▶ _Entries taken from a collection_

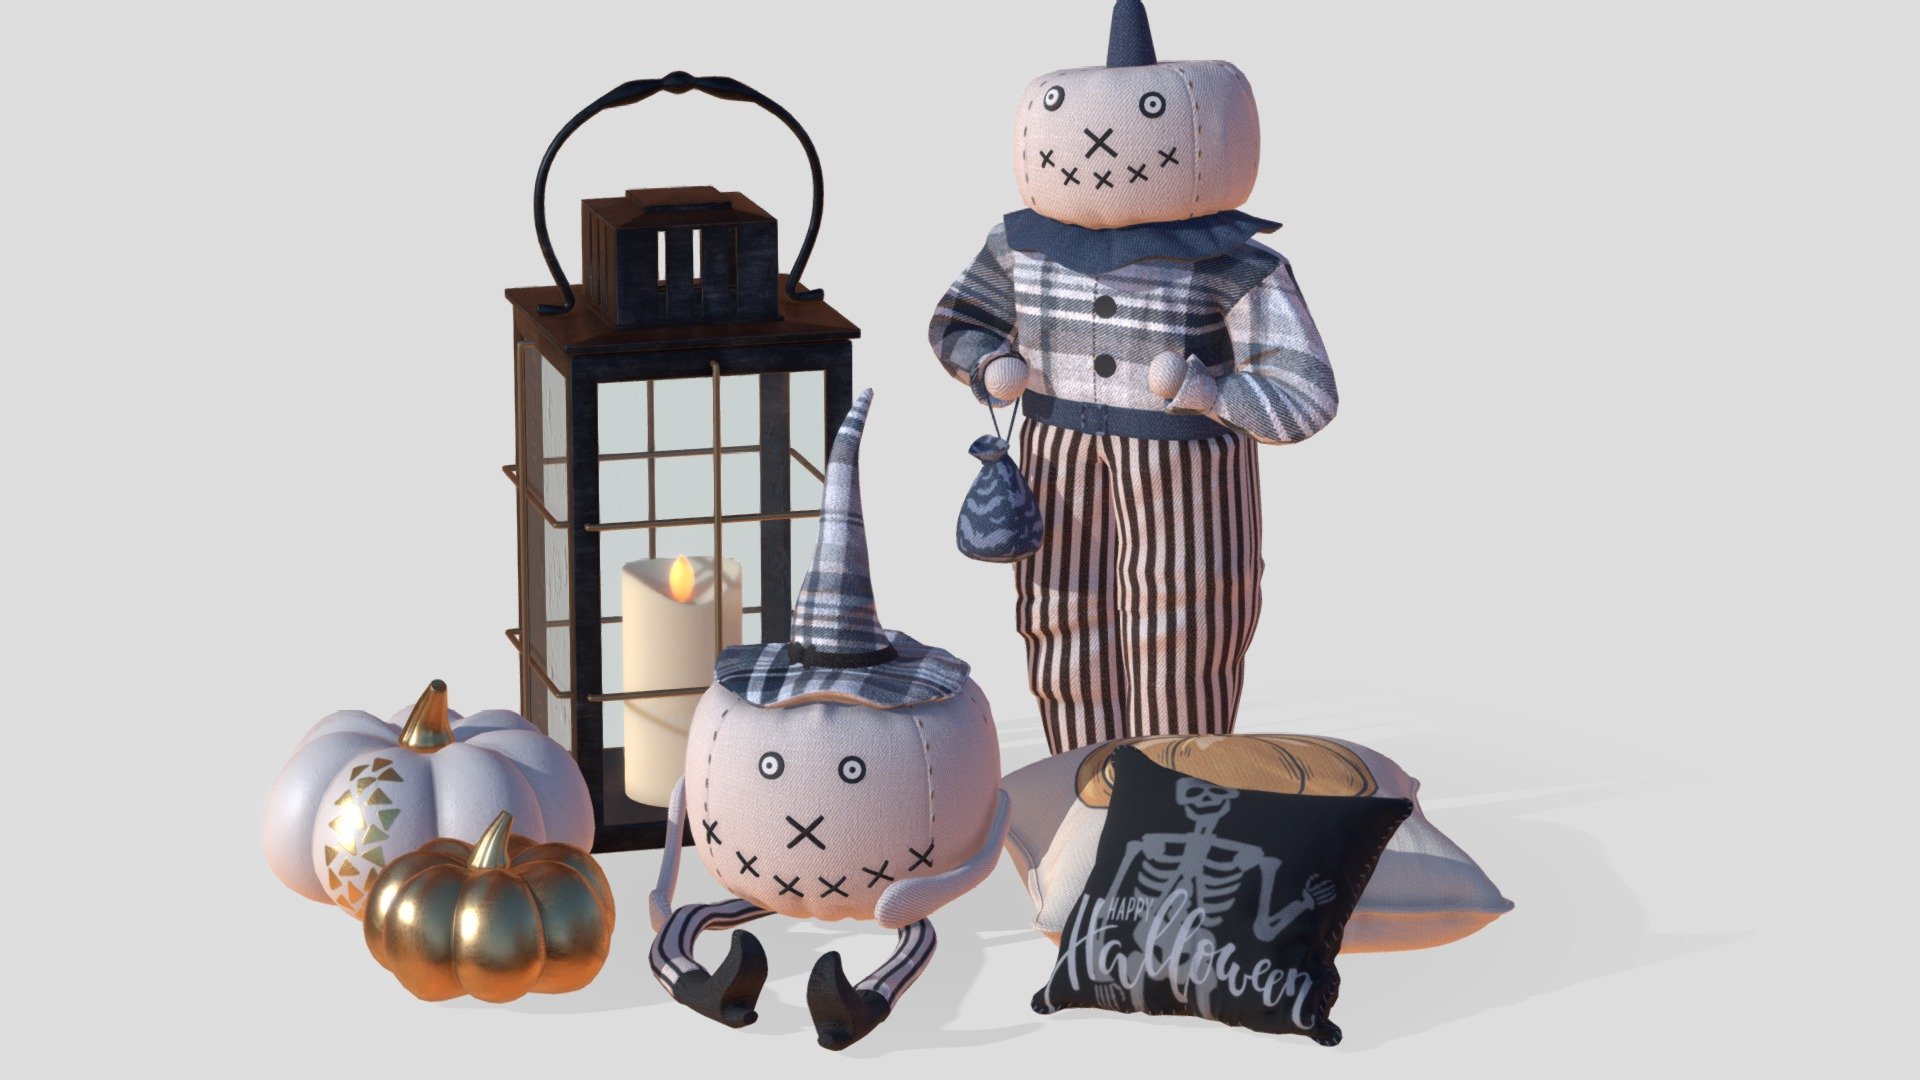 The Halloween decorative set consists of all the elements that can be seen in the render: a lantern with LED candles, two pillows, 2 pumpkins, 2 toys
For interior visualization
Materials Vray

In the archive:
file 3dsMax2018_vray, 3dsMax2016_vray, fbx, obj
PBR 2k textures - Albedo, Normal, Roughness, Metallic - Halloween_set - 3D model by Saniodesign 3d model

▶ _What to work on_
Apart from the pictures, every line of the data above should be given again exactly.

▶ _The completed task_
 The Halloween decorative set consists of all the elements that can be seen in the render: a lantern with LED candles, two pillows, 2 pumpkins, 2 toys
For interior visualization
Materials Vray

In the archive:
file 3dsMax2018_vray, 3dsMax2016_vray, fbx, obj
PBR 2k textures - Albedo, Normal, Roughness, Metallic - Halloween_set - 3D model by Saniodesign 3d model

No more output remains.